Sex and sexual activity is a feature of many people's adult lives, so I'm always a little bit surprised that it's still the case that a sex scene in a TV show can provoke so much comment and even outrage, more than perhaps representations of gun or knife crime, physical assault and murder which are commonplace in drama but thankfully not commonplace in people's lives.

What 'influence' seeing actors performing sex scenes might have is similarly an odd, and a loaded, question. Does seeing a murder on a Tuesday afternoon in ‘Father Brown’ on BBC One influence an audience of furloughed workers and retirees to go out on killing sprees? I've yet to see the evidence that would suggest this.

Talking about sex on screen tends to emerge as a hot topic in the mainstream press and subsequently on social media because of the popularity and high profile nature of a specific programme.

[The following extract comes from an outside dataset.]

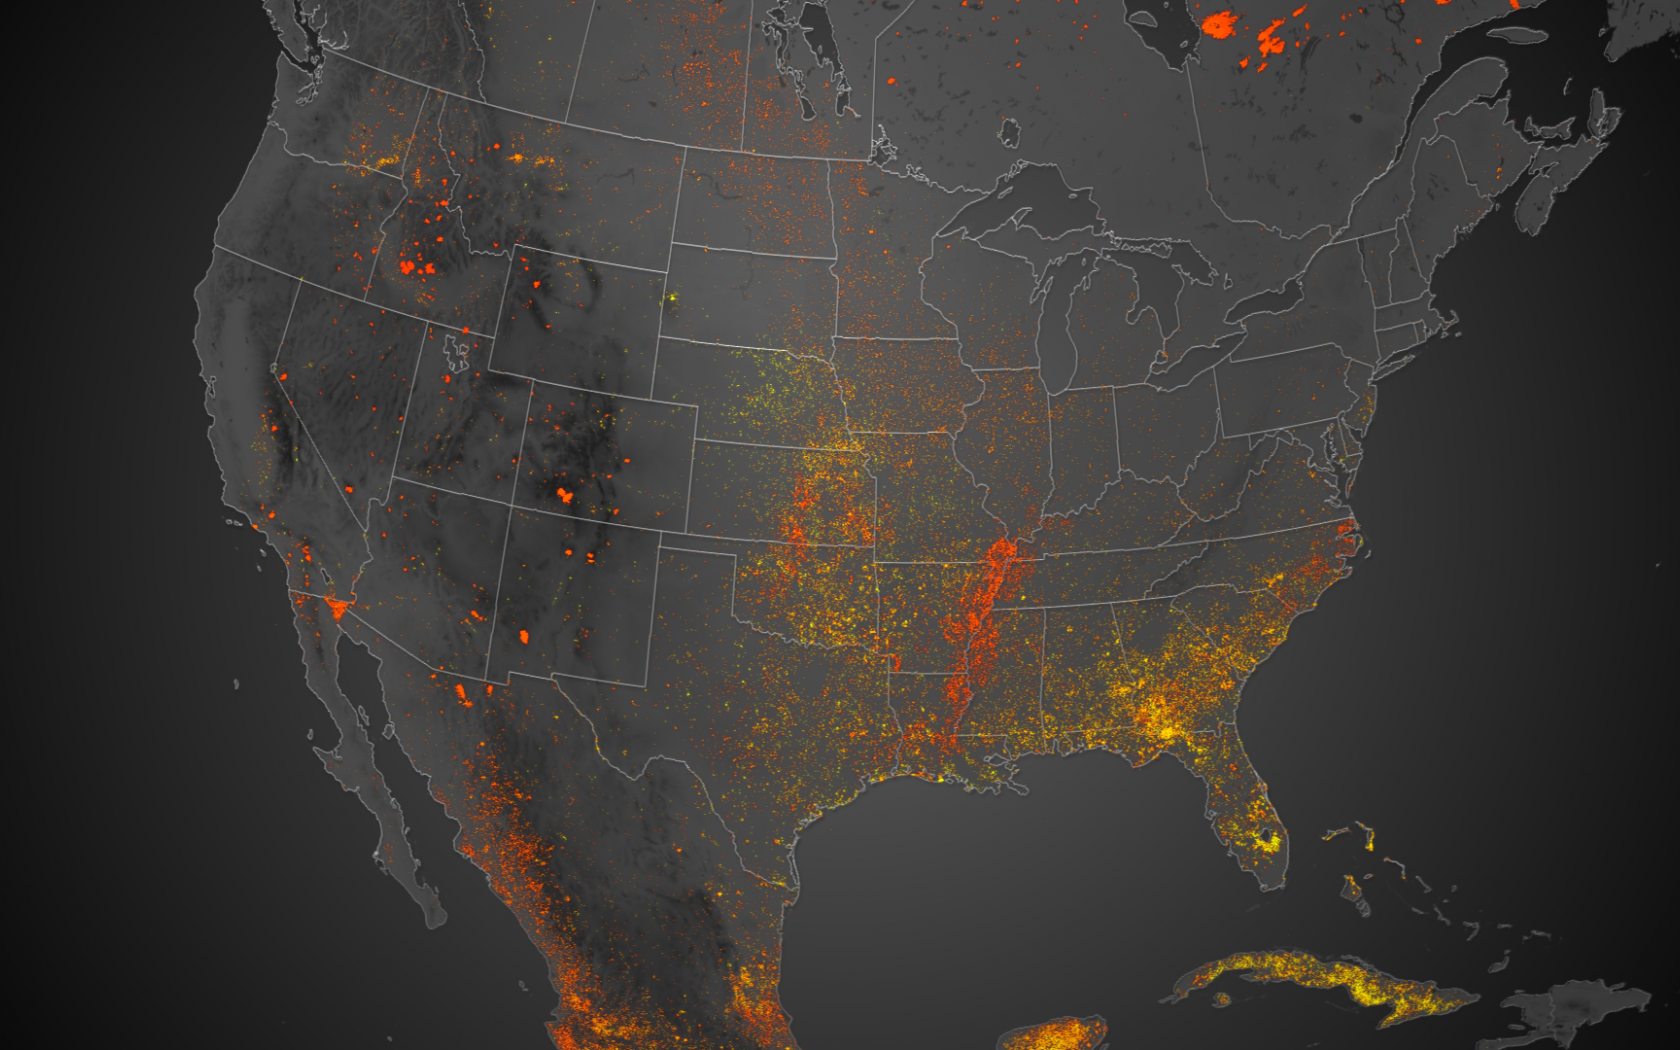 Free download Continent on Fire Map Shows 6 Months of Wildfires

In 2020, BBC's ‘Normal People’ attracted a lot of attention because of the lengthy sex scenes and the visibility of Paul Mescal's penis in many of these scenes. Penises often seem to be very upsetting to people who complain about this kind of material.

This year a furore has been generated by Russell T Davies’ ‘It's a Sin’ and a sex scene in the first episode. Predictably, a British tabloid newspaper with a long reputation for fomenting offence amongst its readers, was at the heart of this with coverage that social media users were quick to notice and used terms like 'shock' to frame gay sex in a very different way to the ways it describes straight sex scenes in Netflix’s ‘Bridgerton’.

The implicit, and in fact, fairly explicit homophobia of The Sun's coverage and the weasel words they were then to use to justify their decisions should come as no surprise to anyone. It certainly won't surprise anyone who is old enough to remember the AIDS crisis in the mid-1980s and the kind of reportage that The Sun and other tabloids routinely ran to stoke anxiety and a legacy of homophobia that generations of gay men have had to contend with since then.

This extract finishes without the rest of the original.